• **Dataset section**
##########

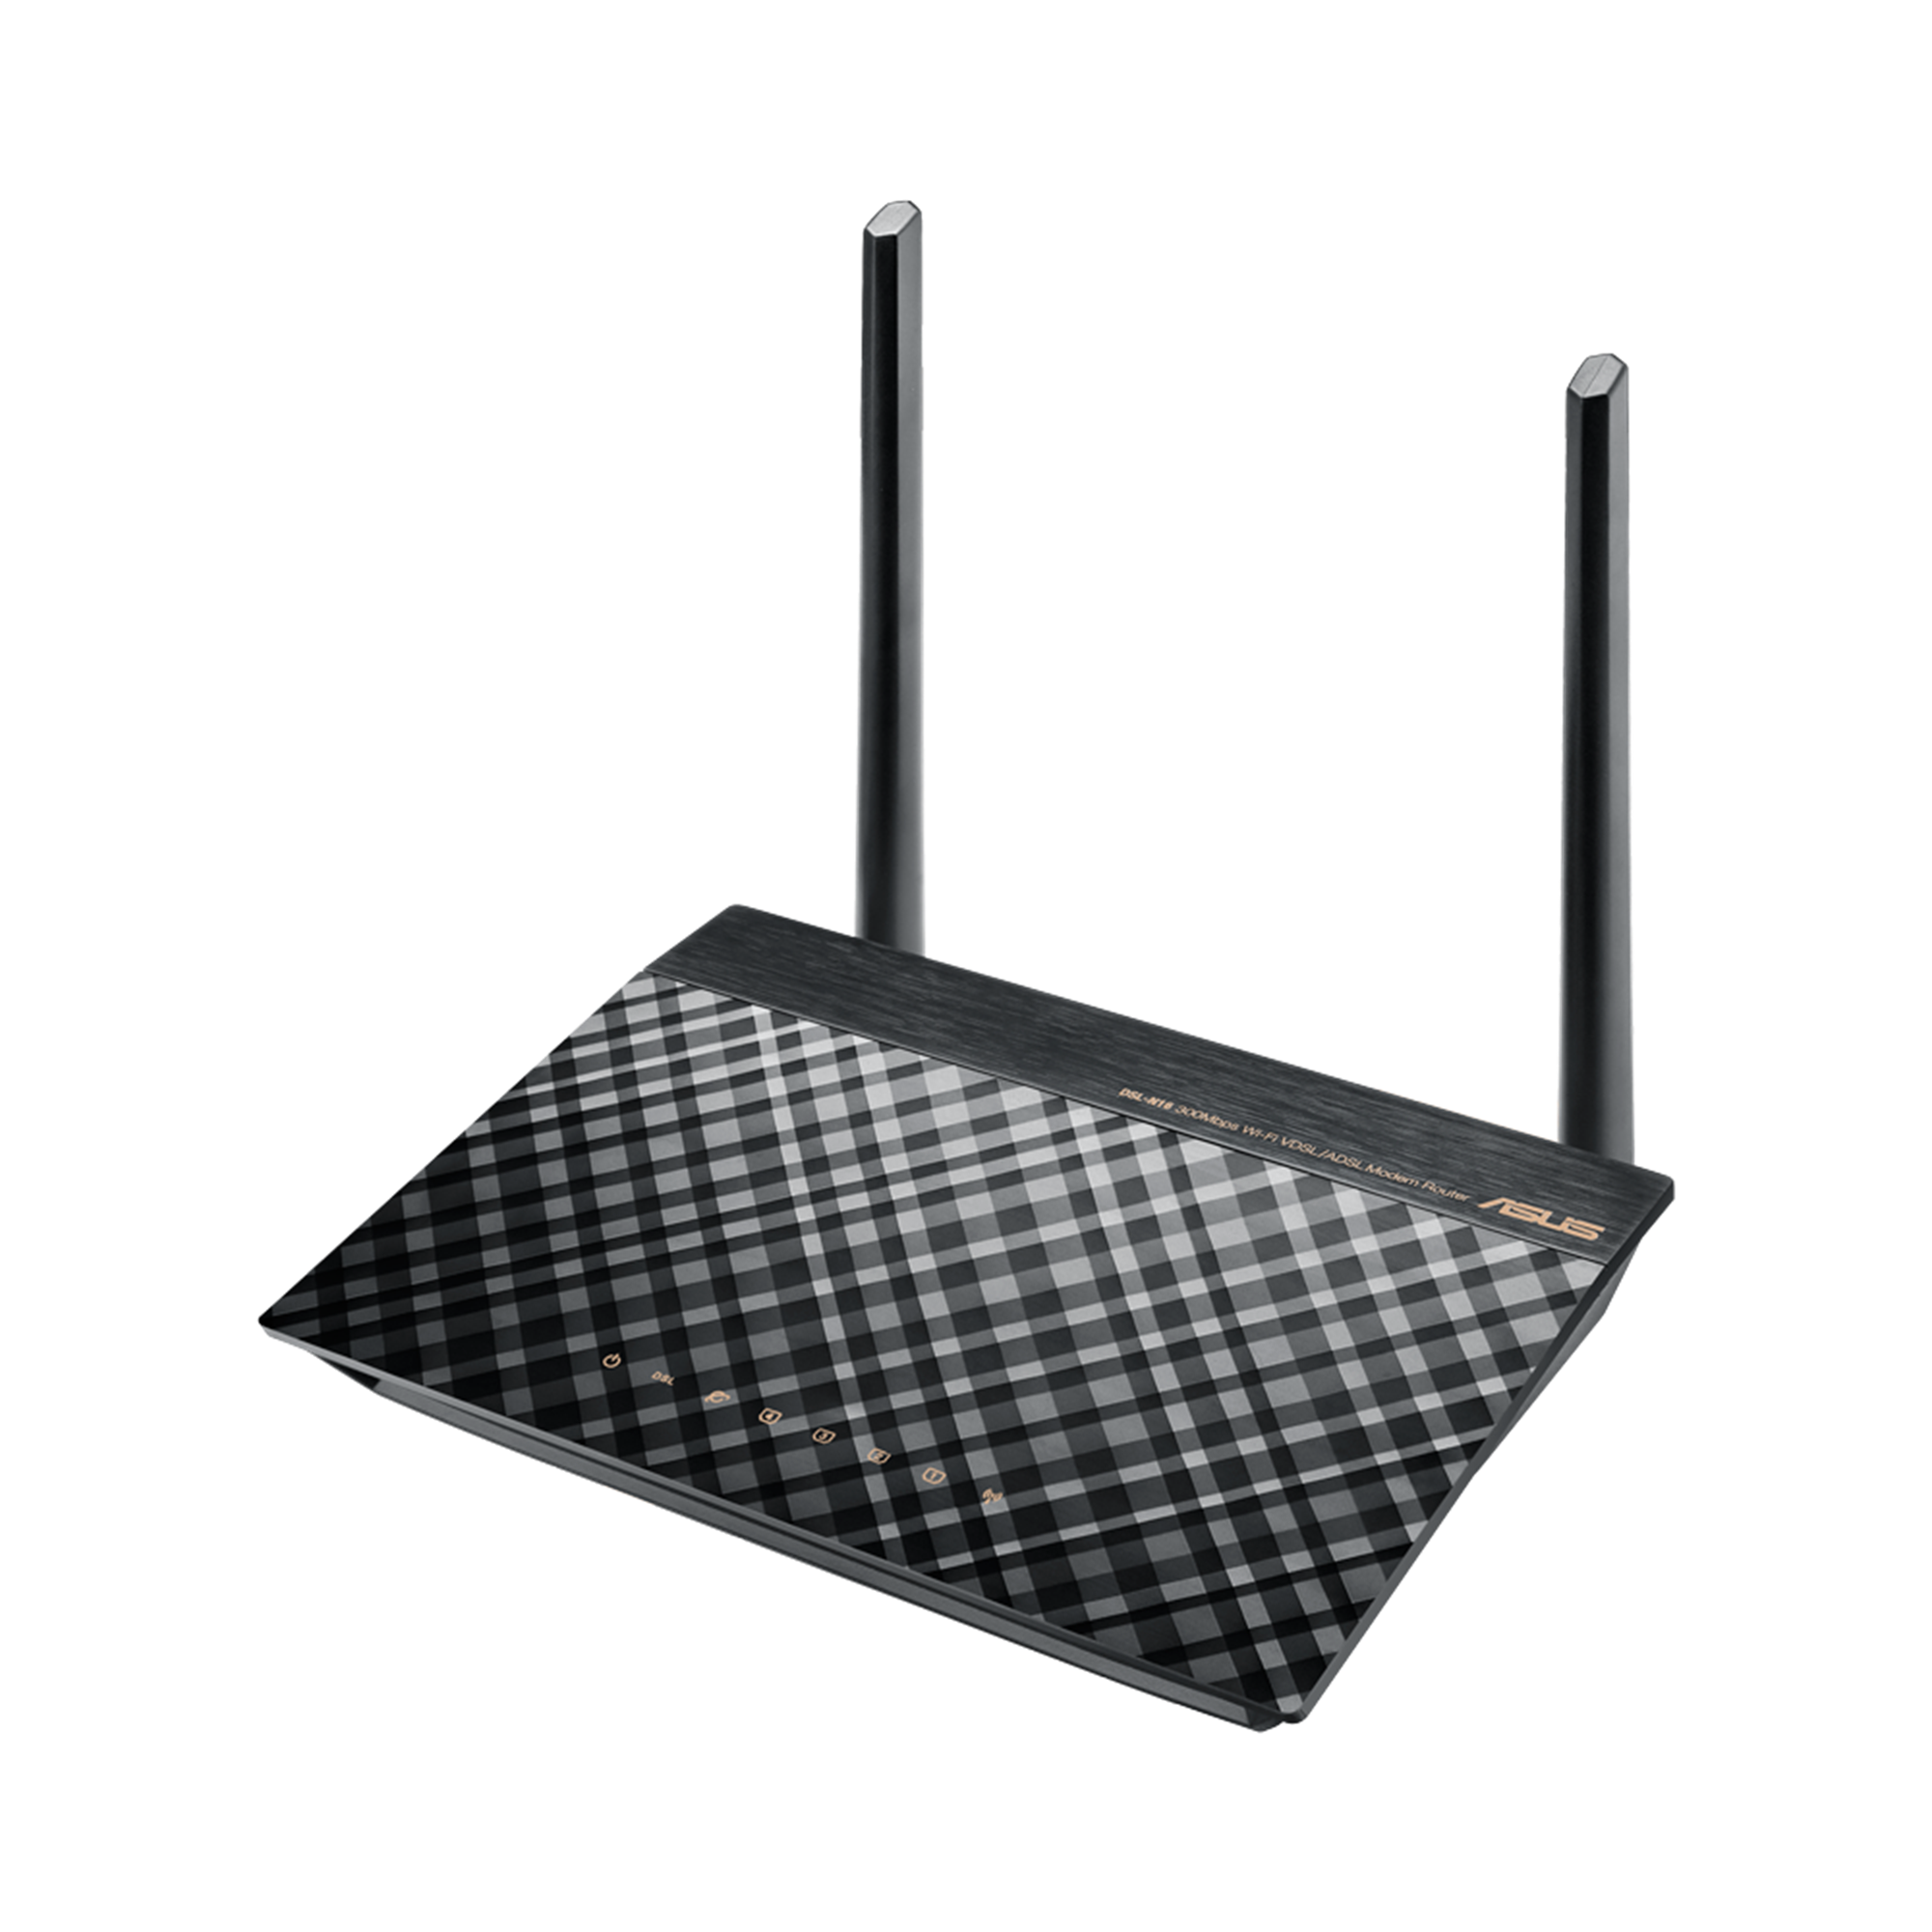 best wireless router for streaming hd video
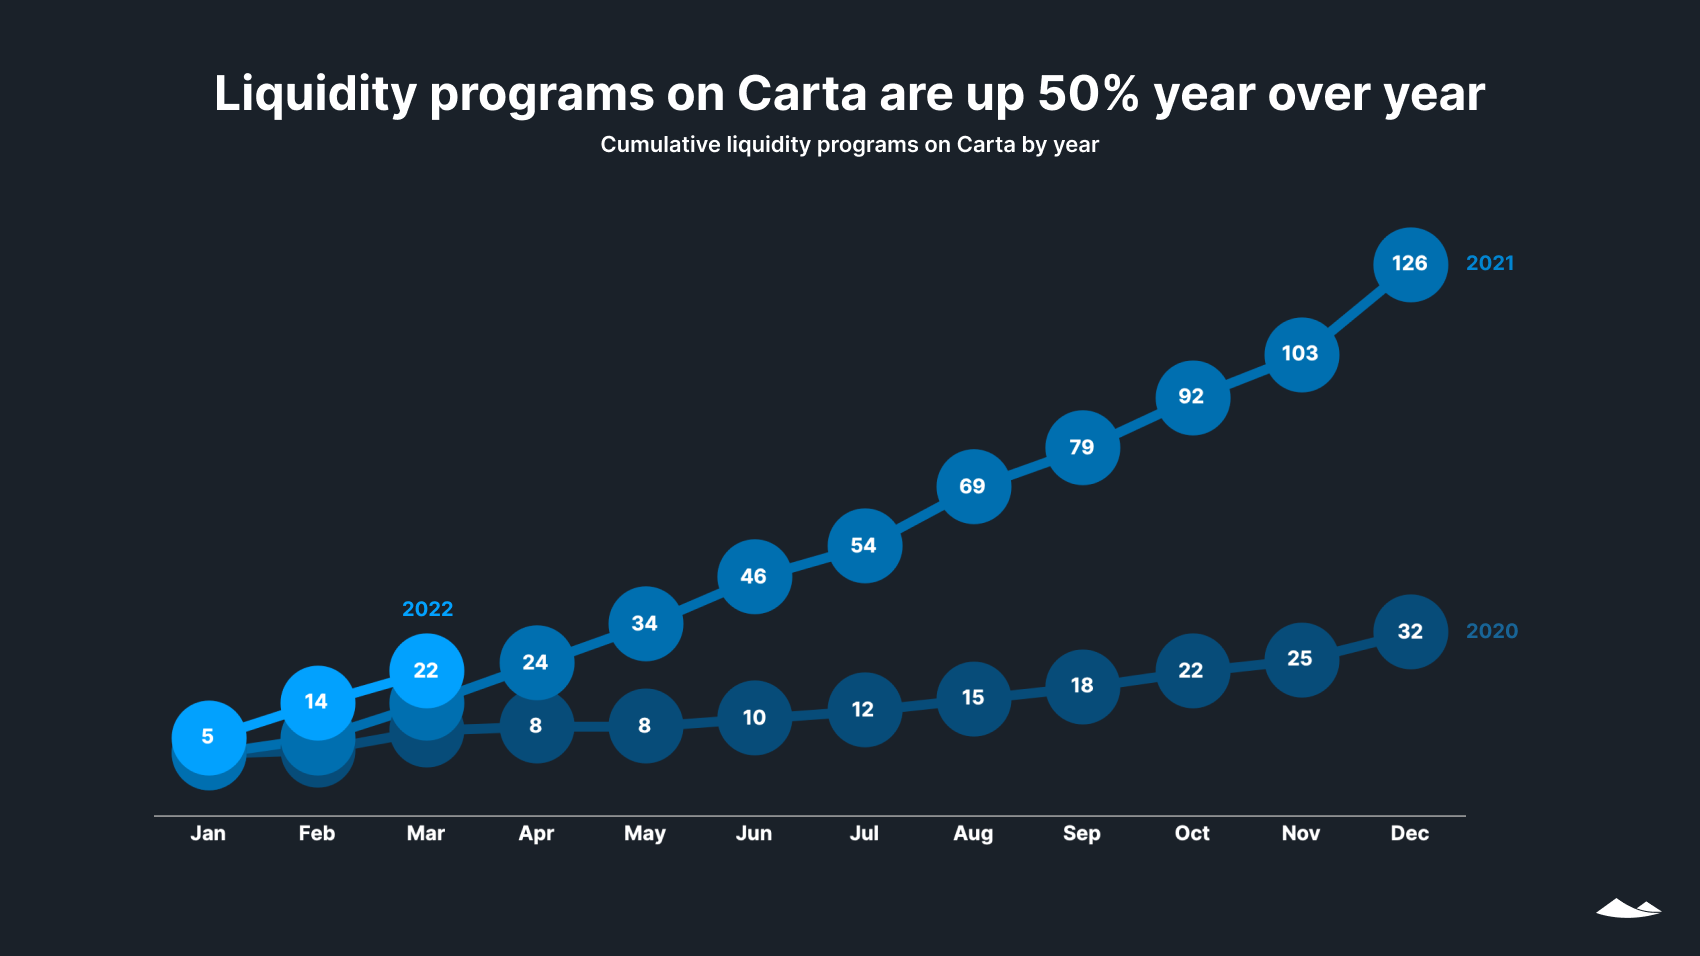 Line chart shows the number of liquidity programs on Carta in Q1 2022 tracked to outpace the number in both 2021 and 2020.
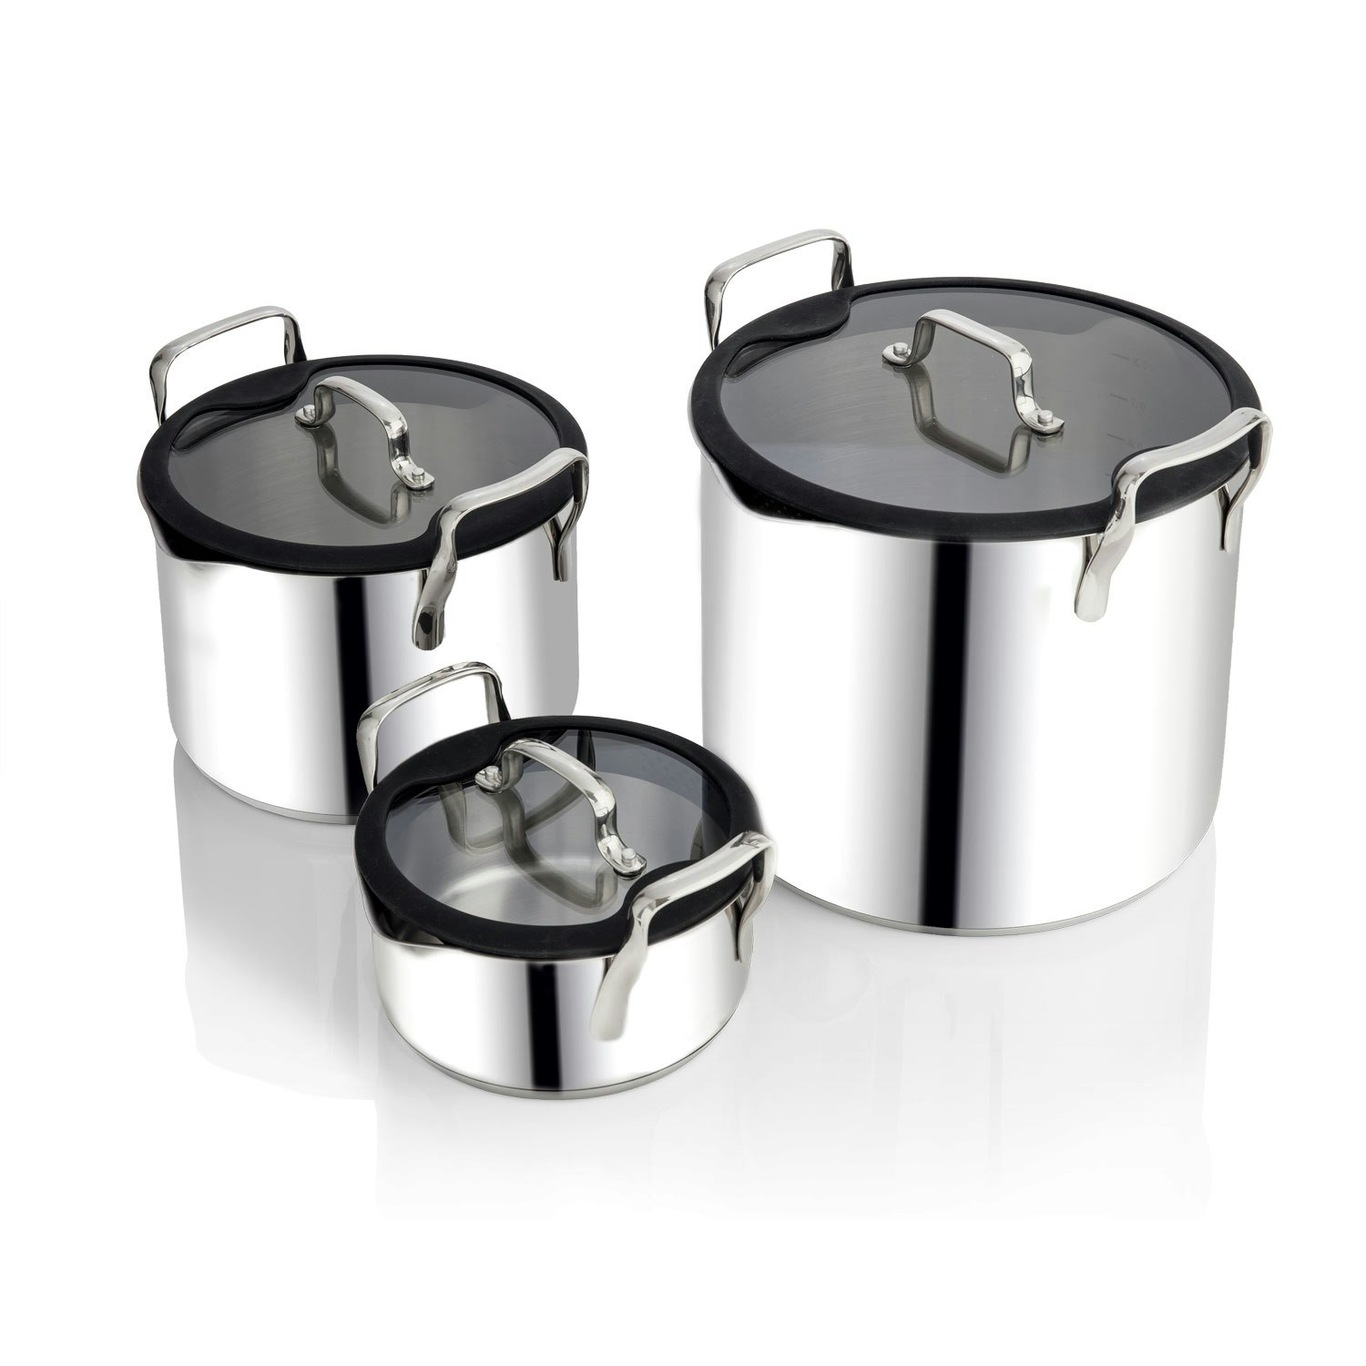 Jamie Oliver Cook's Classic Pot Set Stainless Steel 7 Pieces

##########

• **Exercise goal**
Without including any images, output the data exactly as given.

• **Output of the exercise**
 best wireless router for streaming hd video
 Line chart shows the number of liquidity programs on Carta in Q1 2022 tracked to outpace the number in both 2021 and 2020.
 Jamie Oliver Cook's Classic Pot Set Stainless Steel 7 Pieces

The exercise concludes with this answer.